Making art and contemplative practice are human birthrights, deeply encoded within each of us. Sharing them is also part of our fiber. I find myself reflecting on this again when the shadow side of human nature—our fear and anger—threatens to cover even the sun. Then I turn to the poets and artists, ancient and contemporary, and to contemplative practice. 

I turn to the meditative practice of breathing with whatever arises to allow the natural compassion we also share as humans to arise from the silence and the intention to see clearly. I turn to these fundamental arts and practices because they are what has sustained us and allowed us to survive. I turn to them from the conviction of my own experience that, as an early Buddhist poem phrases it, “Never is hatred conquered by hatred,/but by readiness to love alone./This is the eternal law.” 

I turn to Laurie Anderson’s Heart of a Dog, to Martin Luther King’s “I have a Dream,” Sappho’s fragments of poems, Lu Chi’s Wen Fu, The Art of Writing, Lorraine Hunt Lieberson singing J.S. Bach’s Cantata 199, Izumi Shikibu’s haiku, Andy Goldsworthy’s Rivers and Tides, Muriel Rukeyser’s poem “The Overthrow of One O’Clock at Night,” Blake’s Songs of Innocence and Experience, Agnes Martin’s paintings, Leonard Cohen’s “Hallelujah,” T.S. Eliot’s Four Quartets, to name only what comes immediately to mind. 

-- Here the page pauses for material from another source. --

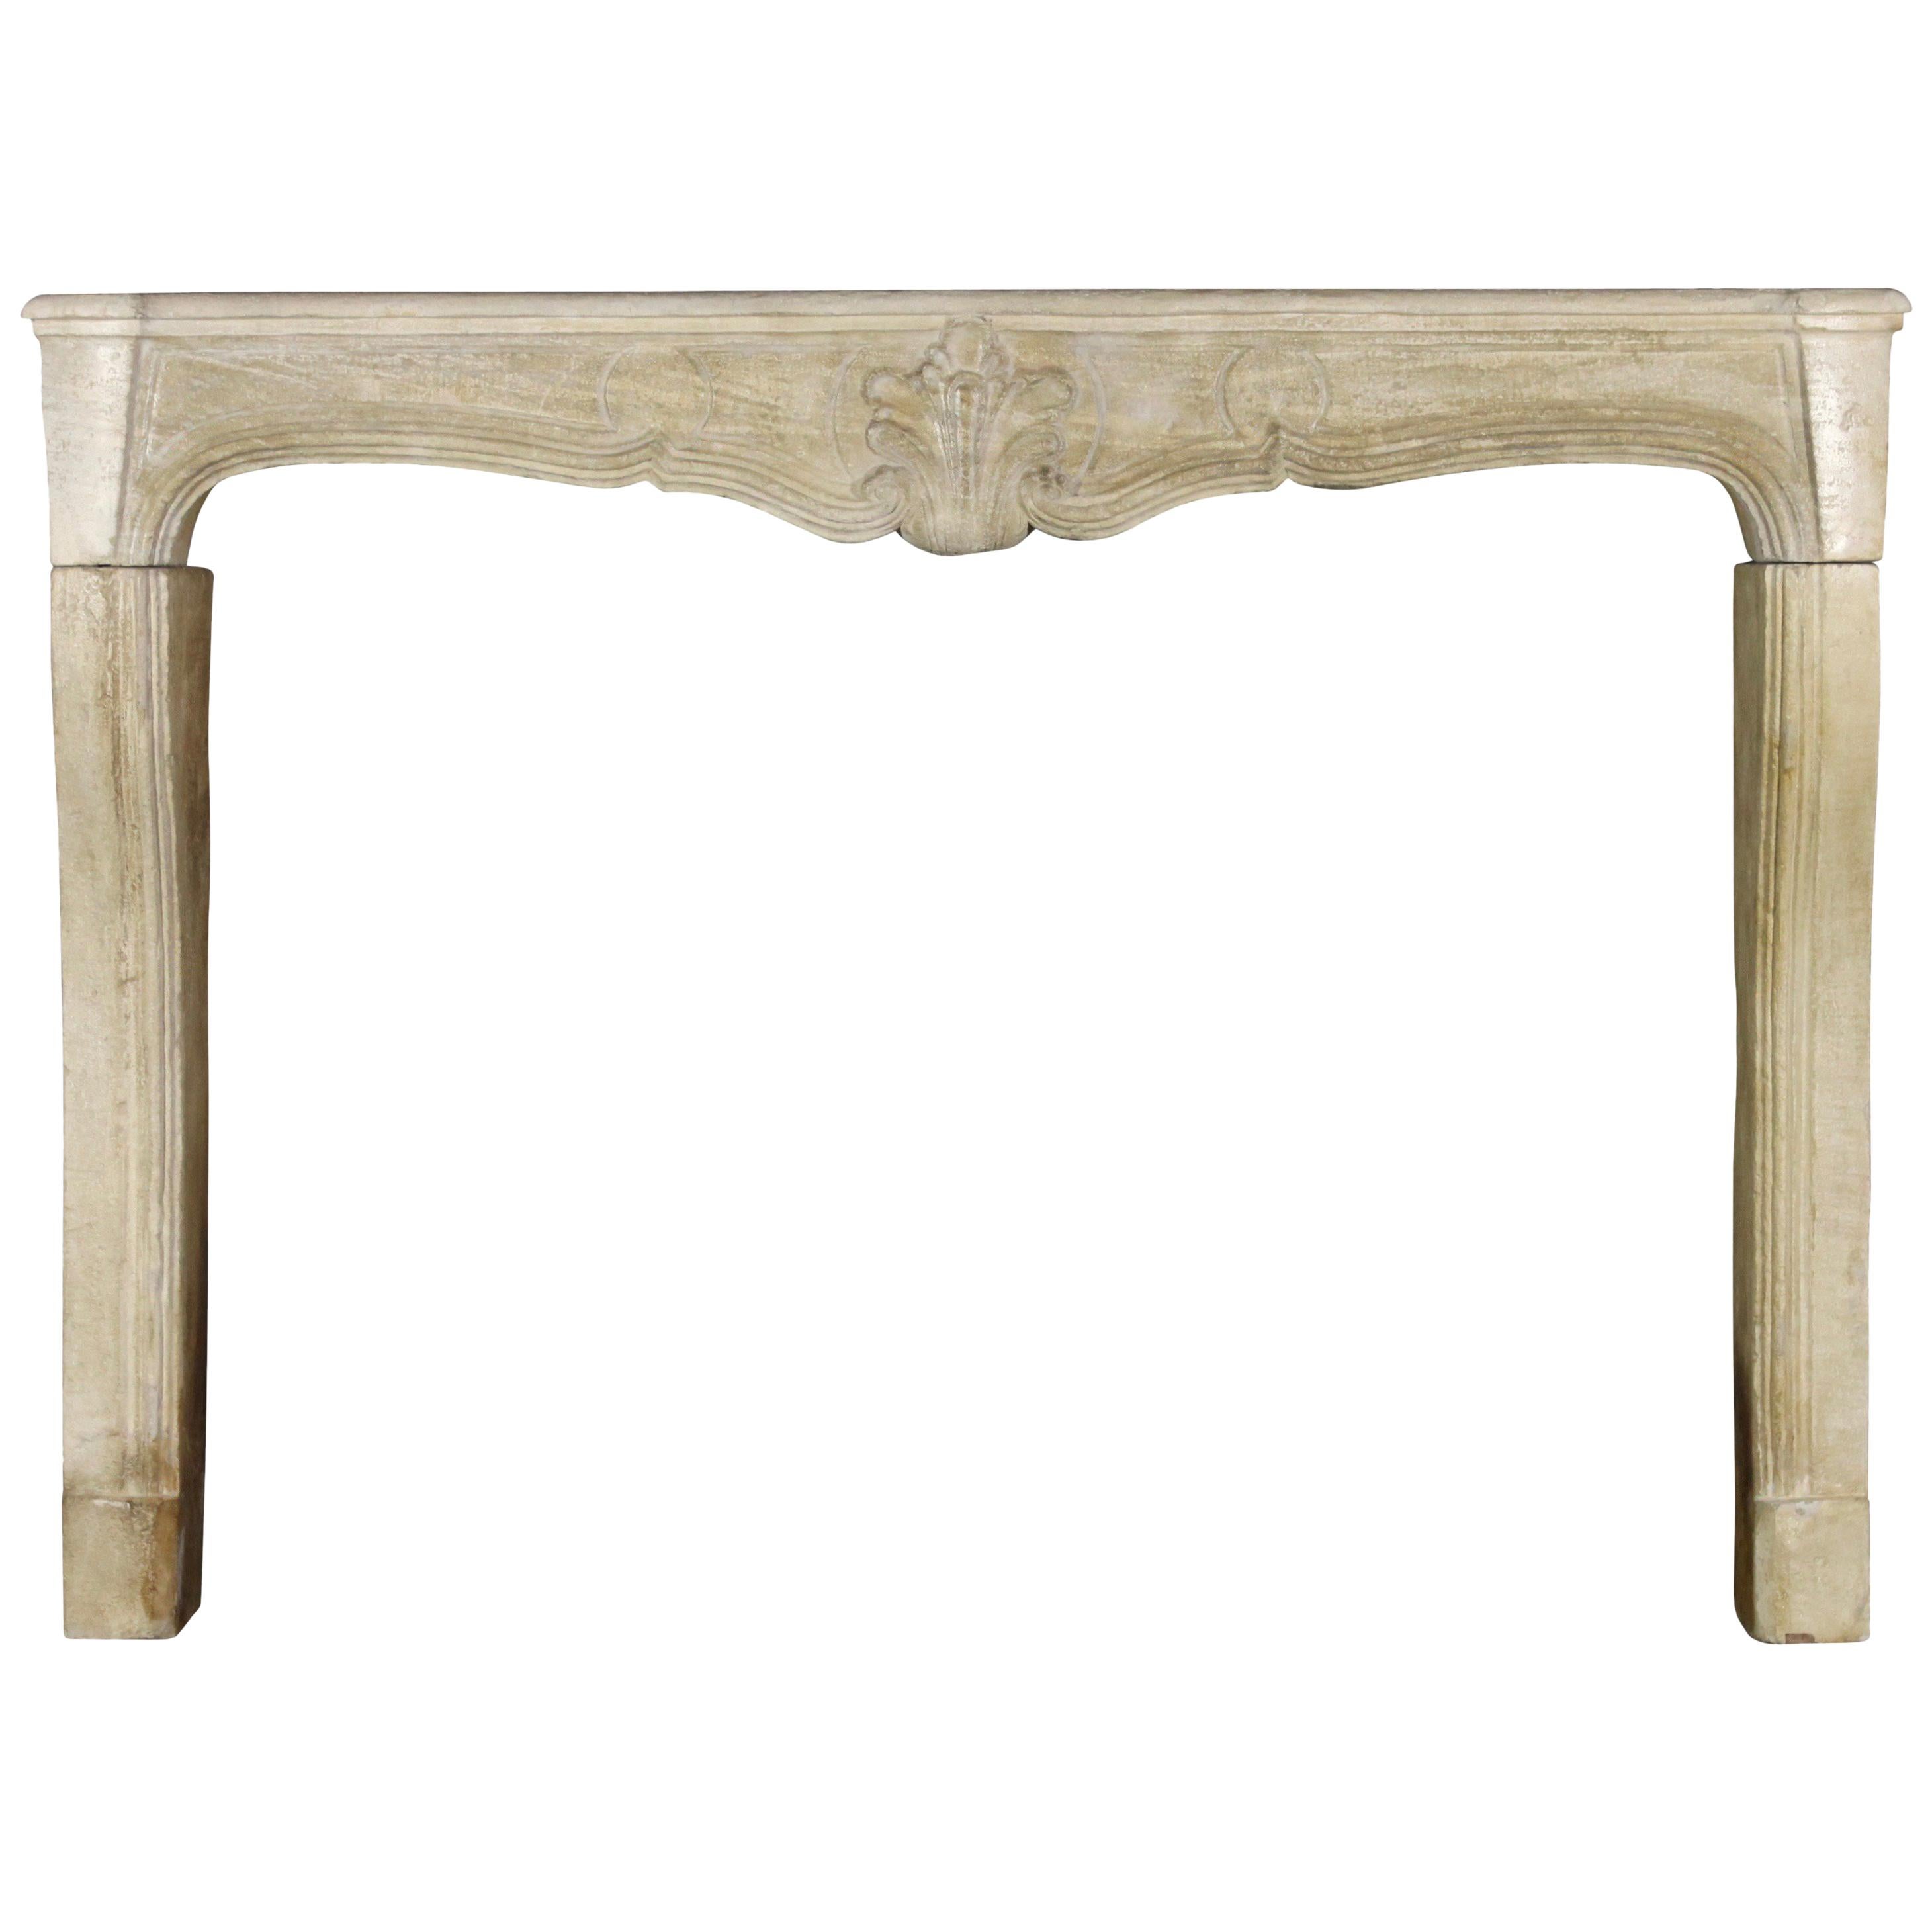 18th Century French Country Antique Fireplace Surround in Limestone

Reading these artists, saying their words, looking at their sculptures, paintings, photographs, humming or playing along with them, viewing their movies—helps me recall that I am—we all are—larger than our fears and anger. 

This is not denying that fear and anger are also part of human nature, that we feel them acutely at times. Because they are strong feelings, helpful from an early evolutionary perspective, we tend to remember them. Especially when they occur in times of great change. 

The paradox is that fear and anger blind us. They’re feelings, moving through us like many other feelings do, but we fixate on them so we can’t see or feel the others: for example, curiosity and empathy. Art and contemplative practice allow us to pause, to reflect that there is more to any moment, any historical situation. When we take the opportunity that artists offer us, we can begin to see more clearly that fixations and reactivity lead us to despair, cynicism, deeper cycles of fear and anger. 

Art serves to remind us, in our hearts and minds, that we are all together here with all the other animals, all sharing a brief life filled with joys and sorrows. Contemplative practice allows us to embody the eternal law. They both help us remember that
   Beyond what we think is what happens. 
   Beyond what we desire is what opens. 
   Beyond what we fear is what awakens.